The film is presented in its theatrical 2.35:1 aspect ratio in 1080p using the AVC codec. The moderately grainy image recreates the rawness and grit of the world it’s portraying beautifully with natural color and accurate flesh tones. Blacks are incredibly inky, the letterbox bars easily blending into the darkness. However, details are sometimes lost in the shadows despite the image’s overall sharpness. The film has been divided into 24 chapters.

Audio Quality

4/5

The DTS-HD Master Audio 5.1 audio mix certainly uses the surrounds to optimum advantage during the wrestling matches as the yowling crowd seems ever-present, but it misses other opportunities for surround ambiance at other times during the film, particularly in the strip club scenes and the grocery store.


Special Features

2.5/5

“Within the Ring” is a comprehensive look at the making of the movie with interviews featuring the director, several producers, the production designer, the stunt coordinator, the film editor, the cinematographer, co-star Even Rachel Wood, the screenwriter, Rourke’s stunt double, other wrestlers featured as Randy’s adversaries, and the film’s composer. It lasts 42 ¾ minutes and is in 480p.

“Wrestler Round Table” gathers professional wrestlers Roddy Piper, Dallas Page, Brutus Beefcake, Greg Valentine, and Lex Lugar at a table to be interviewed by moderator Damon Andrews who asks the men intelligent questions not only about their reactions to the movie but also about the highs and lows of their own careers. This lasts 25 minutes in 480p.

“The Wrestler” Music Video features this year’s Golden Globe-winner for Best Song sung by its composer Bruce Springsteen in a 4-minute music video presented in 480i.
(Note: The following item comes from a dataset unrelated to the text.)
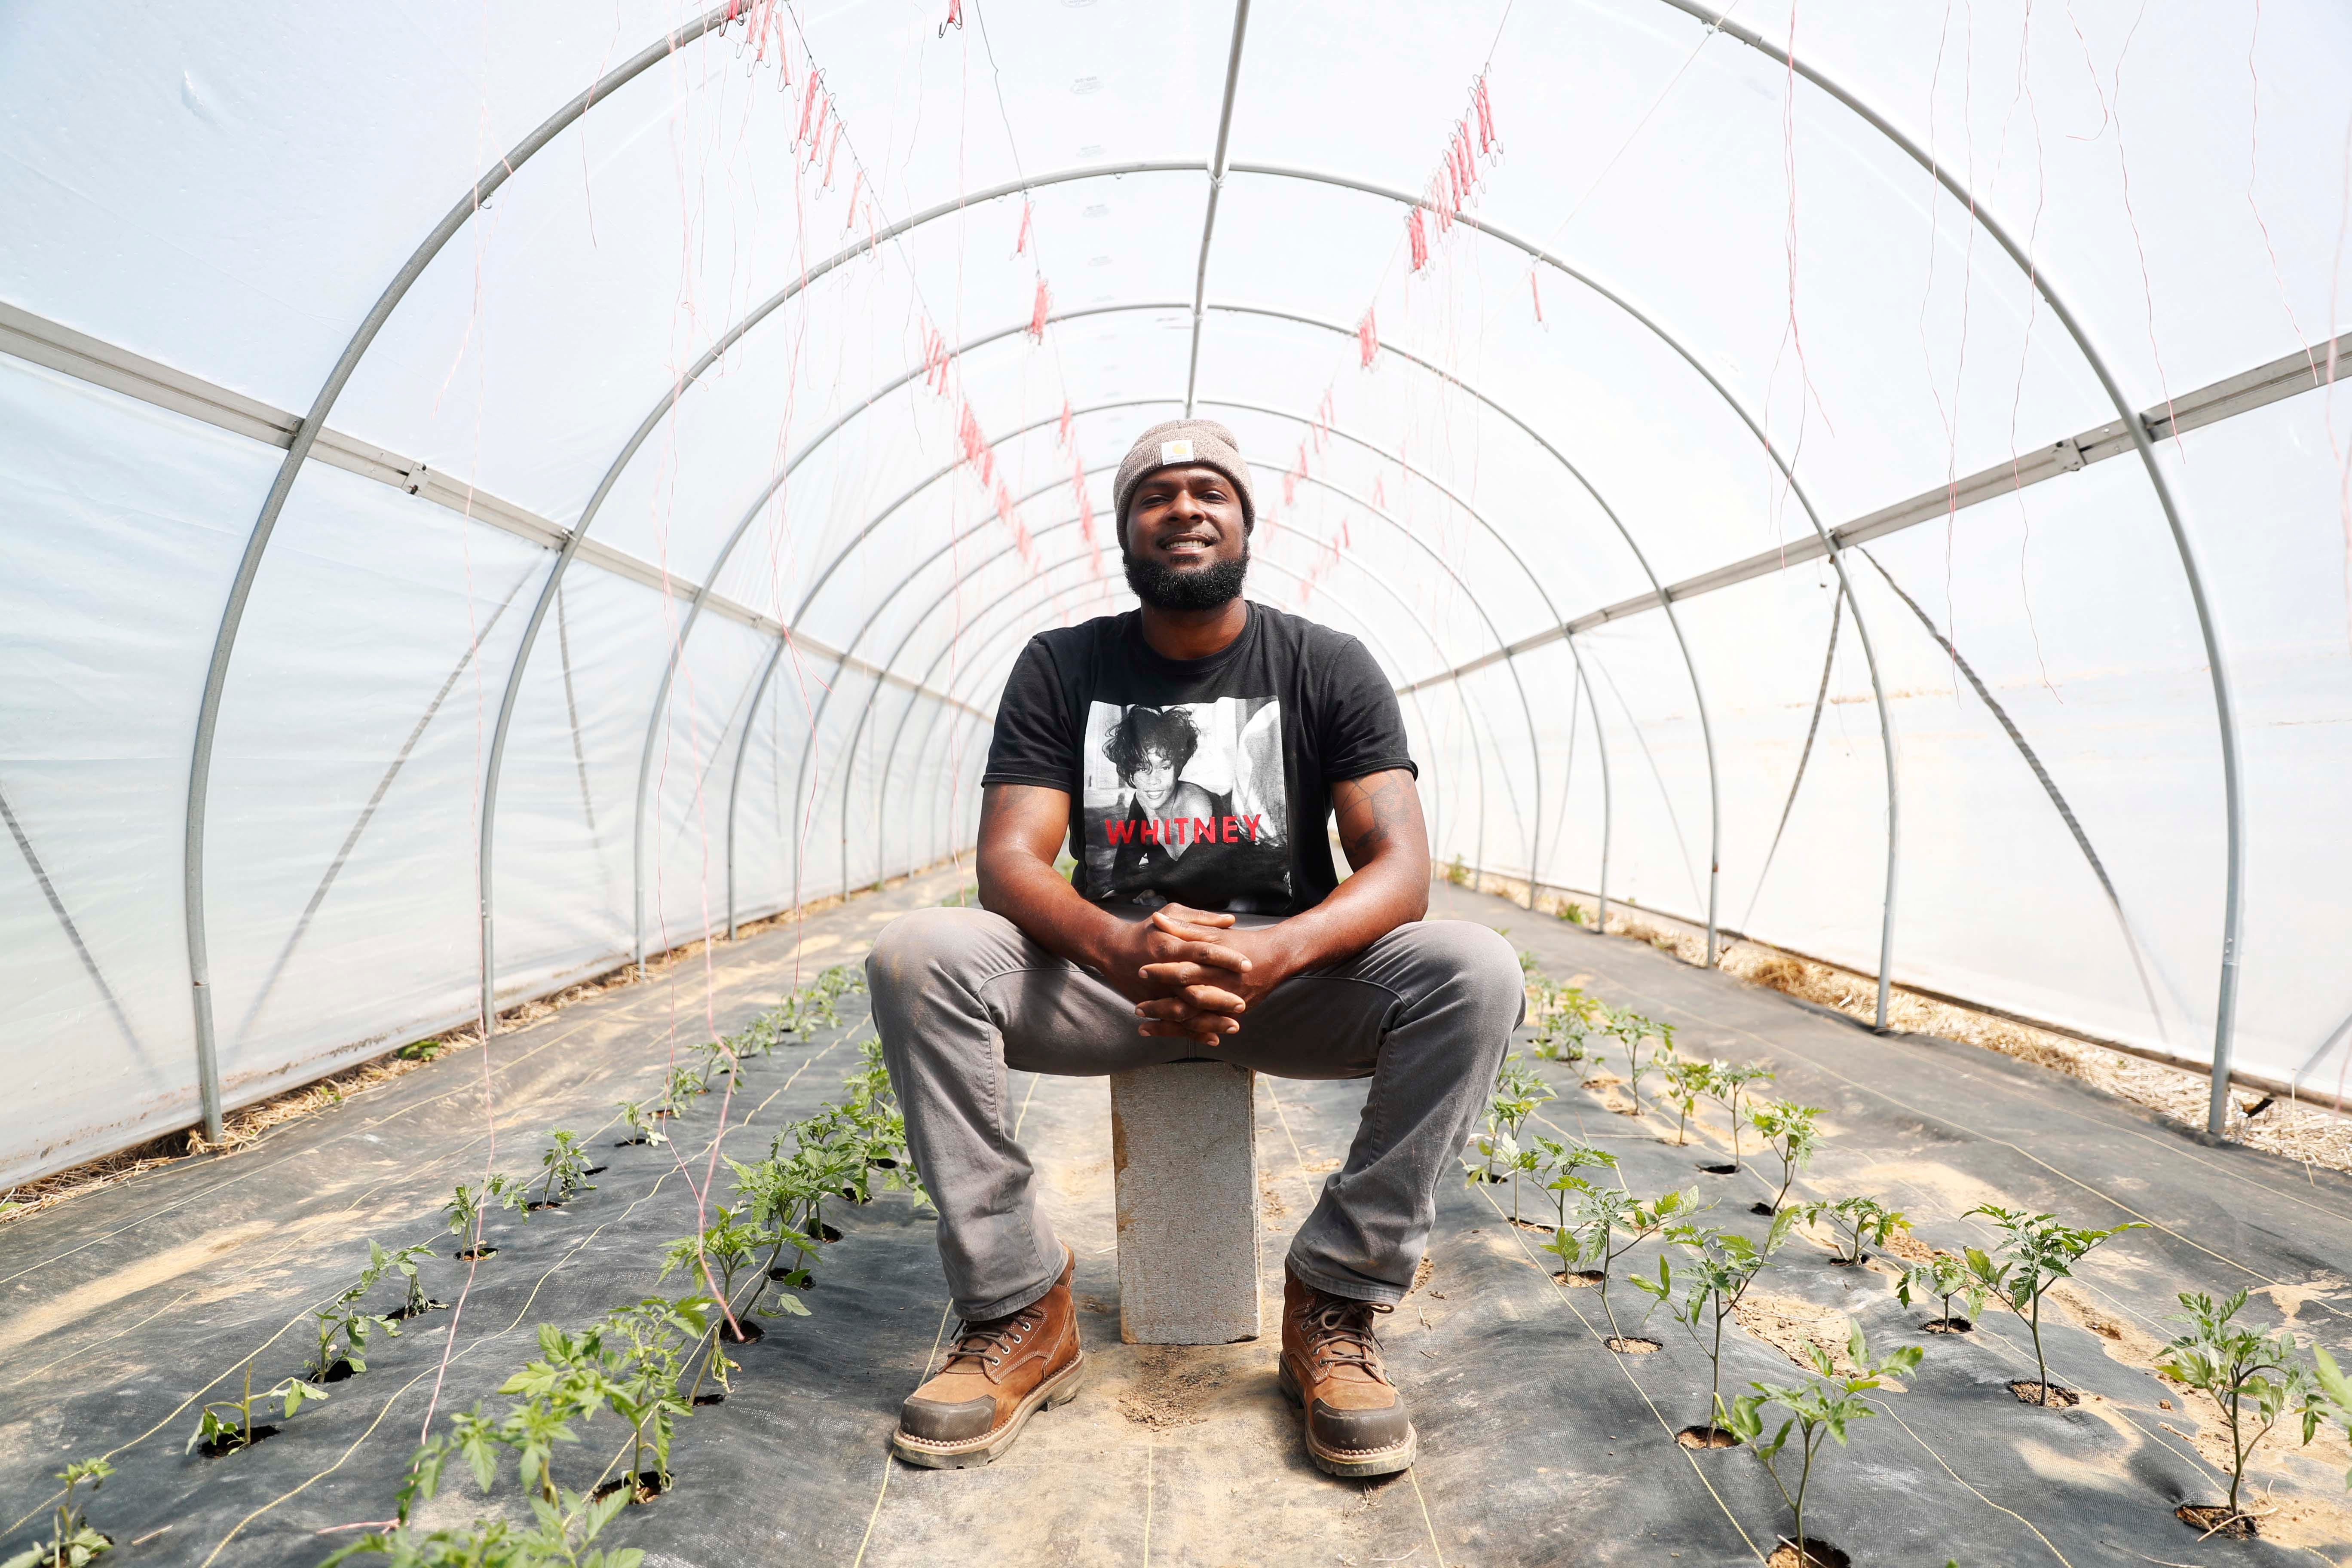 Matthew Robinson, a young farmer, poses in front of planted tomatoes in his hoop house type greenhouse at his farm in Stanton, Tennessee, on May 3, 2023.

The disc offers trailers for X-Men Origins: Wolverine, Slumdog Millionaire, Notorious, and the CD of Working on a Dream. The trailer for The Wrestler is not present.

Disc two in the set offers a digital copy of the film and instructions inside the case for installation on PC and Mac devices.


In Conclusion

4/5 (not an average)

An outstanding character study blessed by fantastic performances and directed with a flair that captures the power and pain of professional wrestling both inside and outside the ring, The Wrestler is unquestionably a film worth seeing.